Tuesday, February 8, 2011

Brian Jacques Dies

Children's author Brian Jacques passed away over the weekend:
A former merchant sailor whose children's books sold millions worldwide has died aged 71.

Brian Jacques' Redwall series of books were translated into 29 languages and sold 20m globally.

He first wrote the series, set in an abbey populated by animals, for children at the Royal Wavertree School for the Blind in Liverpool.

When Rachel was still in elementary school, she came home one afternoon to excitedly tell me Brian Jacques was making a personal appearance at a local bookstore. Rachel had never heard of Mr. Jacques before that afternoon - I had only a passing acquaintance of his work - but her English teacher had told her how great his books were and that if she had a chance, she ought to go see him. I was early into my stay-at-home-Dad career so we had that chance and off we went.

By the time we got to the bookstore, a small crowd had already gathered. Knowing how these things are supposed to work, I bought a volume for Mr. Jacques to autograph for Rachel and we got in the lengthy line. Things moved along quite well - we were told that for the sake of efficiency, Mr. Jacques could not personalize his autographs and because of laryngitis he wouldn't be able to speak much, if at all. Cynical Dad saw this as a ploy to keep the fans moving through the line and the purchasing of books unheeded but by the time it was our turn, Mr. Jacques was quite charming. He made a subtle show of being taken in by Rachel's fresh-faced looks and he asked her her name in a hoarse whisper (Take that cynical Dad!). He leaned close to her, repeated her name in a low growl, rolling his r's and dragging out the last syllable in his Liverpudlian accent. Rachel smiled, he smiled back, signed, her book, and gave her a nod, his eyes twinkling. Rachel was enraptured, even though until a few hours before, she had no idea who this man was.
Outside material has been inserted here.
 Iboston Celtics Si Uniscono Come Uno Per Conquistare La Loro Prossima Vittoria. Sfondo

And it didn't hurt that he looked a whole lot like Grandpop Pete:

Rachel has never been the most rabid reader in the world and I don't think she ever got past the volume we bought that day but Mr. Jacques gave her, and me, a warm memory of an afternoon with an author who took just a few seconds from his book tour to acknowledge a new fan. I thank him for it.
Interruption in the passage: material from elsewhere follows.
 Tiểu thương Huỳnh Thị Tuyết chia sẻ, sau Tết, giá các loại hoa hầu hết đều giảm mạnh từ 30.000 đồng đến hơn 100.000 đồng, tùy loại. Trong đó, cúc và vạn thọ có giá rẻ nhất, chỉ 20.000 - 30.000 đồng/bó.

Flash forward to a few years later and Emily became of reading age. She picked up the volume from that afternoon and was instantly hooked. And, as is her habit, once she gets her reading meathooks into a series, she has to read them all, and in order. And so began a literary love affair for Emily as she marched her way from one end of Mr. Jacques ouvre to another. I remembered the time when books enraptured me, when I could get lost in their worlds and not become overly aware of what the author was trying to do. Mr. Jacques gave Emily quite a reading experience and I thank him for that, too.

In this digital world, it's rare that good writers come along and create a body of work that will last. Though I've never read any of his books, from personal experience and reports from the field, he managed to do just that.